Money not spent on clothes, evenings out and travel has financed much of this. Gains in the stockmarket have also helped, says Alan Matarasso, whose clinic in New York is “being stretched” by requests for surgery. Intriguingly, Dr Matarasso, a former president of the American Society of Plastic Surgeons, thinks a more ethereal force is also at work: by casting light on “the fragility of life”, the pandemic is imbuing people with greater desire to squeeze more out of whatever time they have left.

Covid-19 has highlighted our helplessness, concurs Richie Chan, the head of cosmetic surgery at an OT&P Healthcare clinic in Hong Kong, which has enjoyed a roughly 15% rise in procedures; as a result people have become keener to exert control over their bodies through elective surgery. Pierfrancesco Cirillo, head of the Italian Association of Aesthetic Plastic Surgery in Rome, points to previous increases around the world in minimally invasive procedures following the 9/11 attacks (about 6%) and the global financial crisis (10%). The pandemic, he says, has coincided with a record rise in cosmetic surgery of about 12% in Italy.

Surgeons marvel at another recent change: before the pandemic, one in ten of Studio Cicogna’s surgery patients were men. Now it’s one in five. Most operations are for eyelids, noses and “love handles” liposuction. For minimally invasive skin rejuvenation, the proportion of male clients has risen from roughly one in eight to nearly half. In Britain men now account for about 40% of skin rejuvenations, says Save Face.

Zoom gloom

By highlighting her defects when she made calls for her PR job, Zoom had become demoralising, recalls a 47-year-old single mum in Milan: “I felt uglier.” Being stuck at home without occasion to dress up didn’t help. “I really needed to do something to feel better,” she says. Eyelid surgery wiped “ten years off my face”, she reports; the operation was “psychologically therapeutic”.

Such satisfaction is common, but it is not universal. Some psychologists fear that the boom in beauty treatments is encouraging an obsessive-compulsive disorder sometimes called dysmorphia. Sufferers obsess over an imagined or exaggerated body flaw. This can be magnified by a morose mood and a lack of normal social interaction—not to mention more time spent comparing oneself to others. As a result, Dr Cirillo says, cosmetic surgeons must work harder to turn down those with a pathologically confused self-image.

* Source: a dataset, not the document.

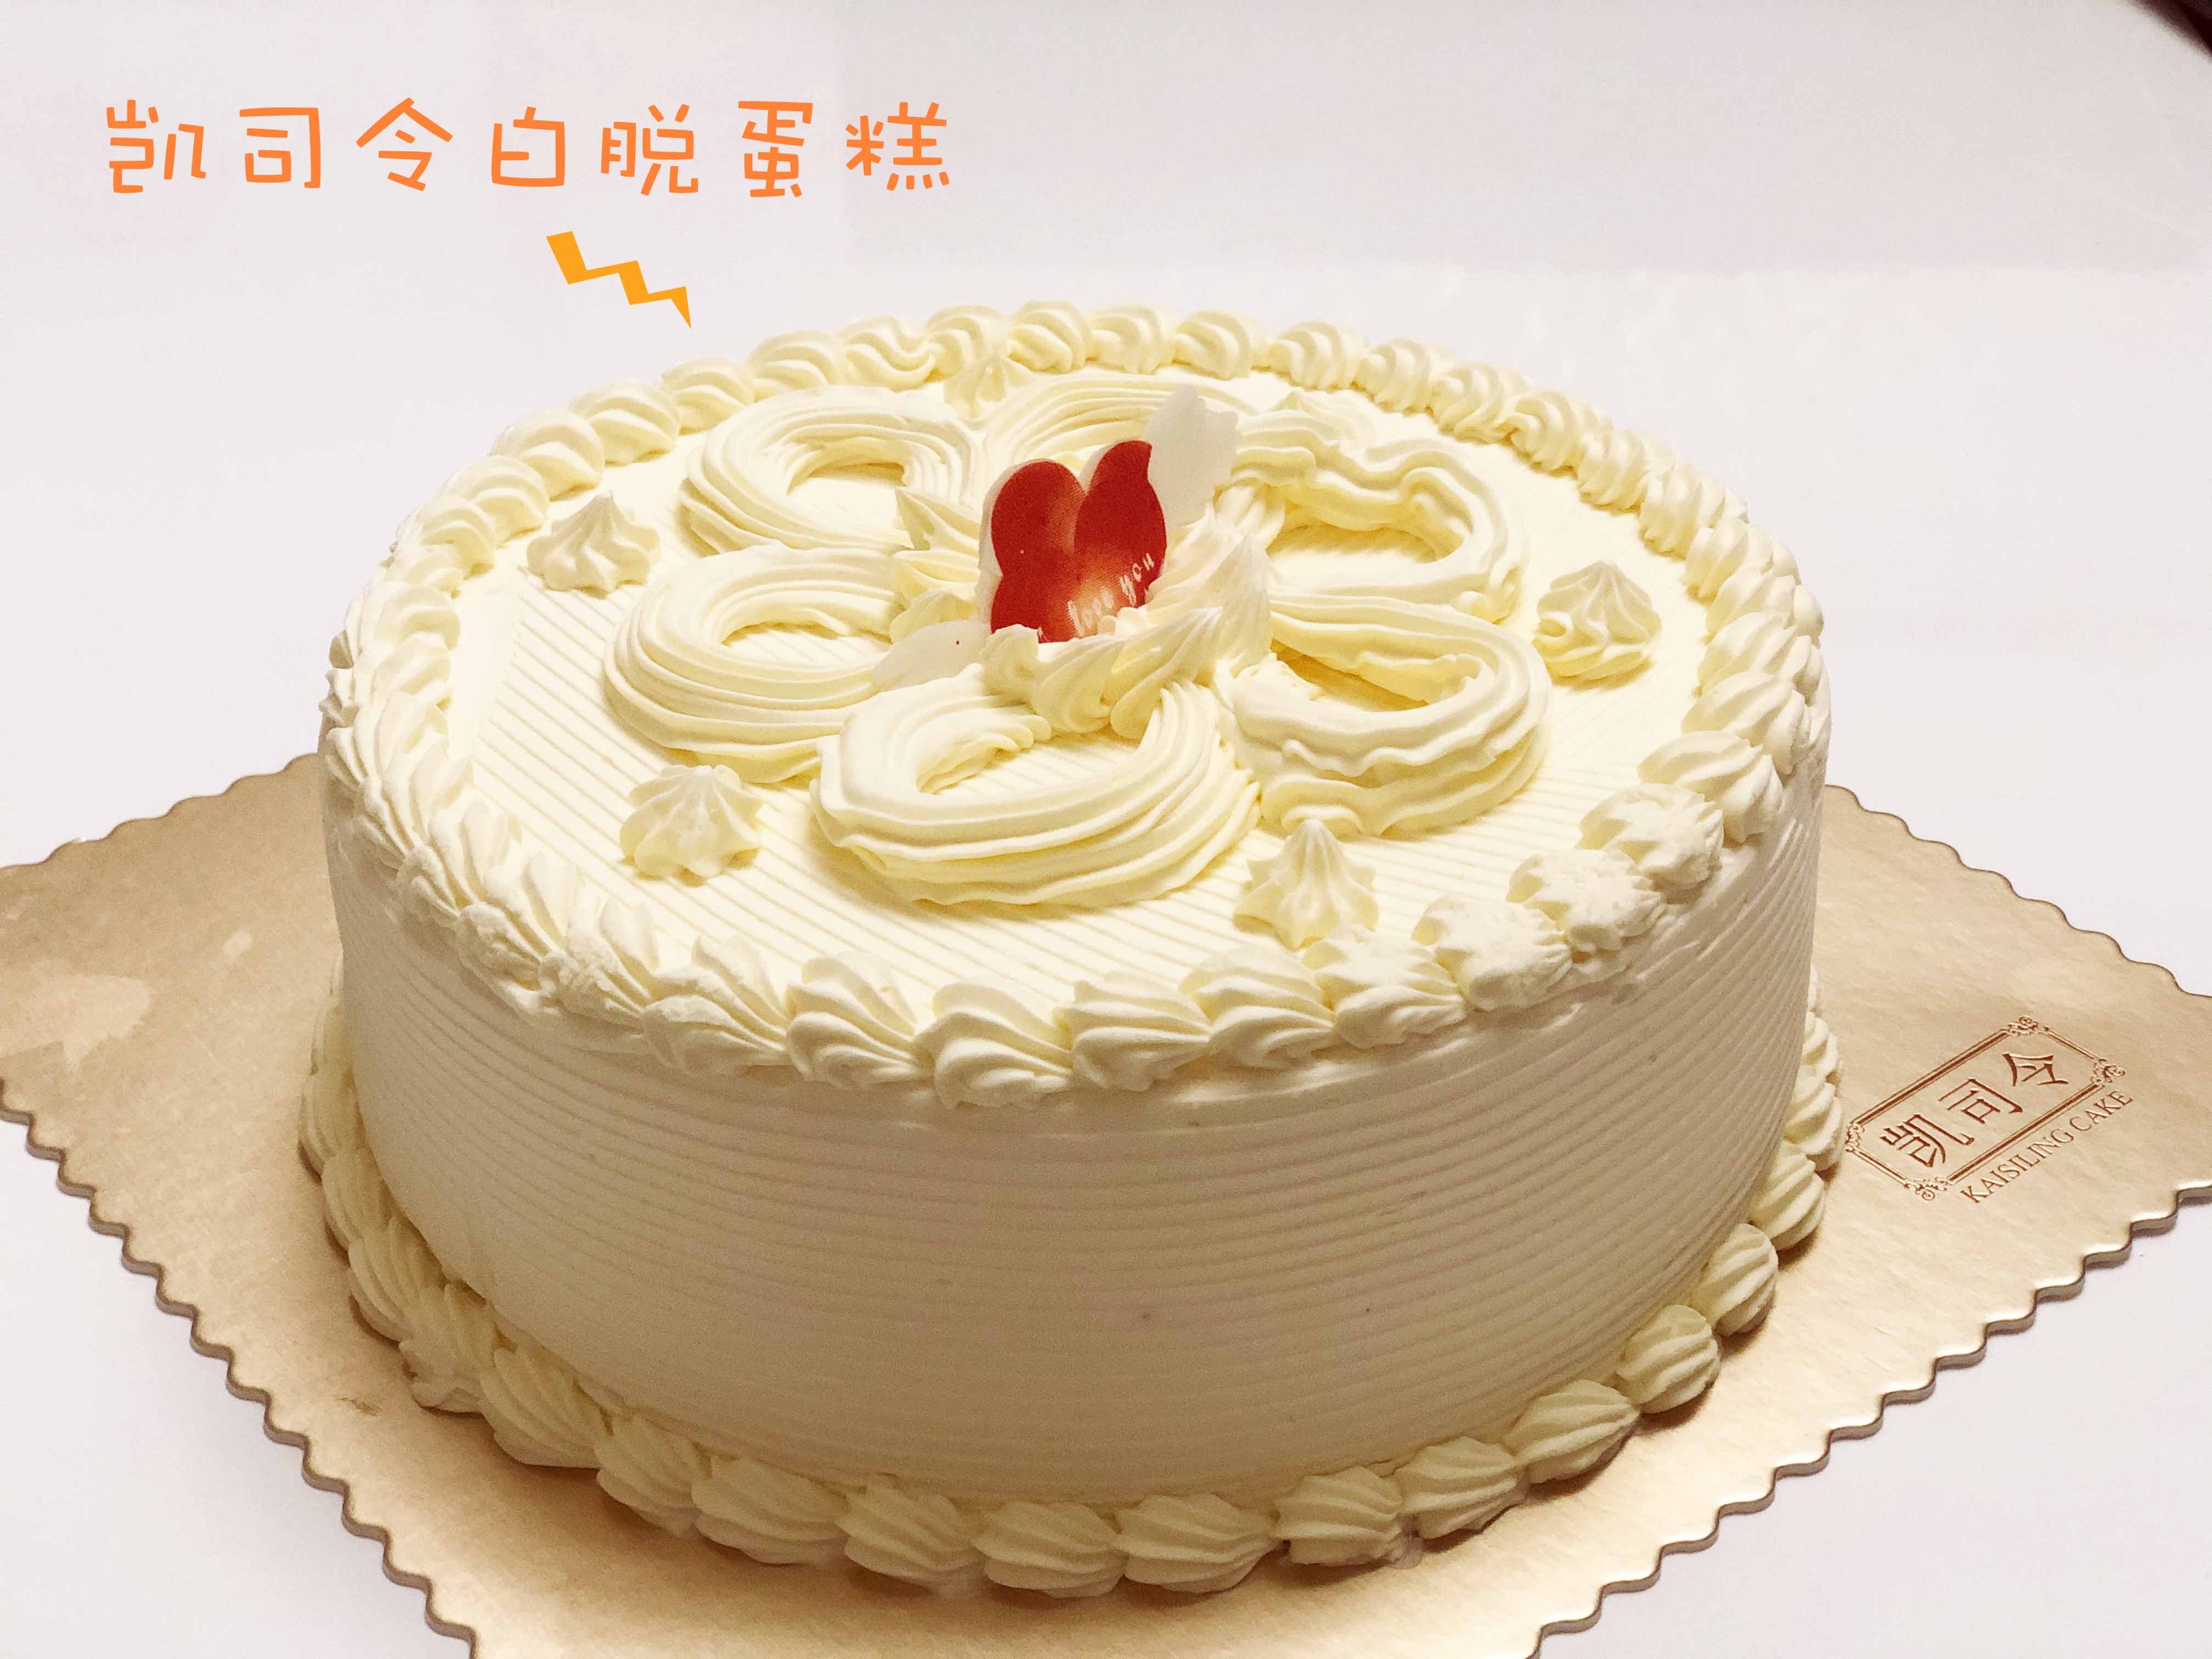 上海凯司令 招牌原味白脱老式奶油蛋糕硬奶油小时候味道 新鲜采购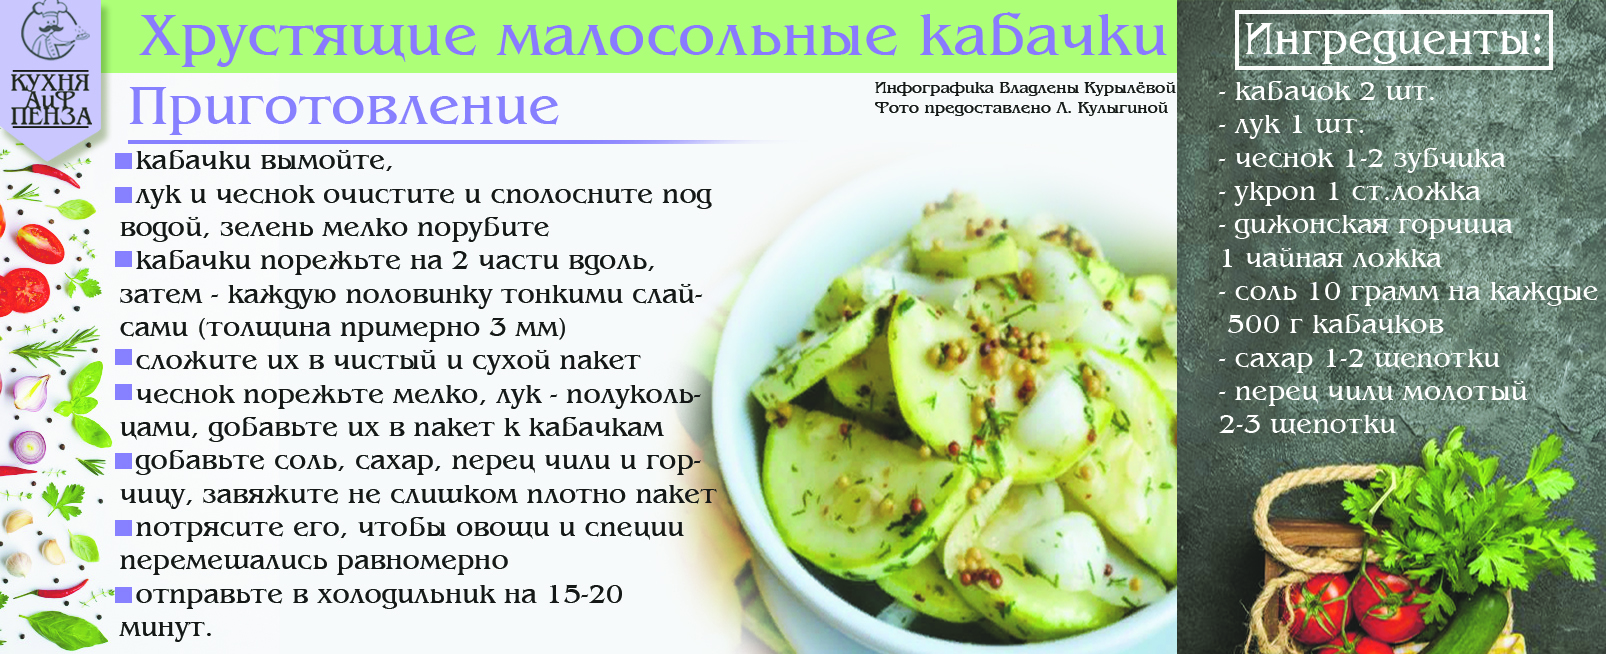 Ника белоцерковская рецепты малосольные огурцы

A less acute but more common problem is that a growing share of those asking for surgery seek an unattainable appearance. Dr Cirillo worries about the emergence of a “sort of supermarket” for aesthetic surgery in which less-principled surgeons accept patients with unhealthy or unrealistic aspirations. As they cash in, surgeons would be wise to avoid would-be patients who show up with photos of an envied celebrity. Success is more likely with those who, less ambitiously, present pictures of their younger selves.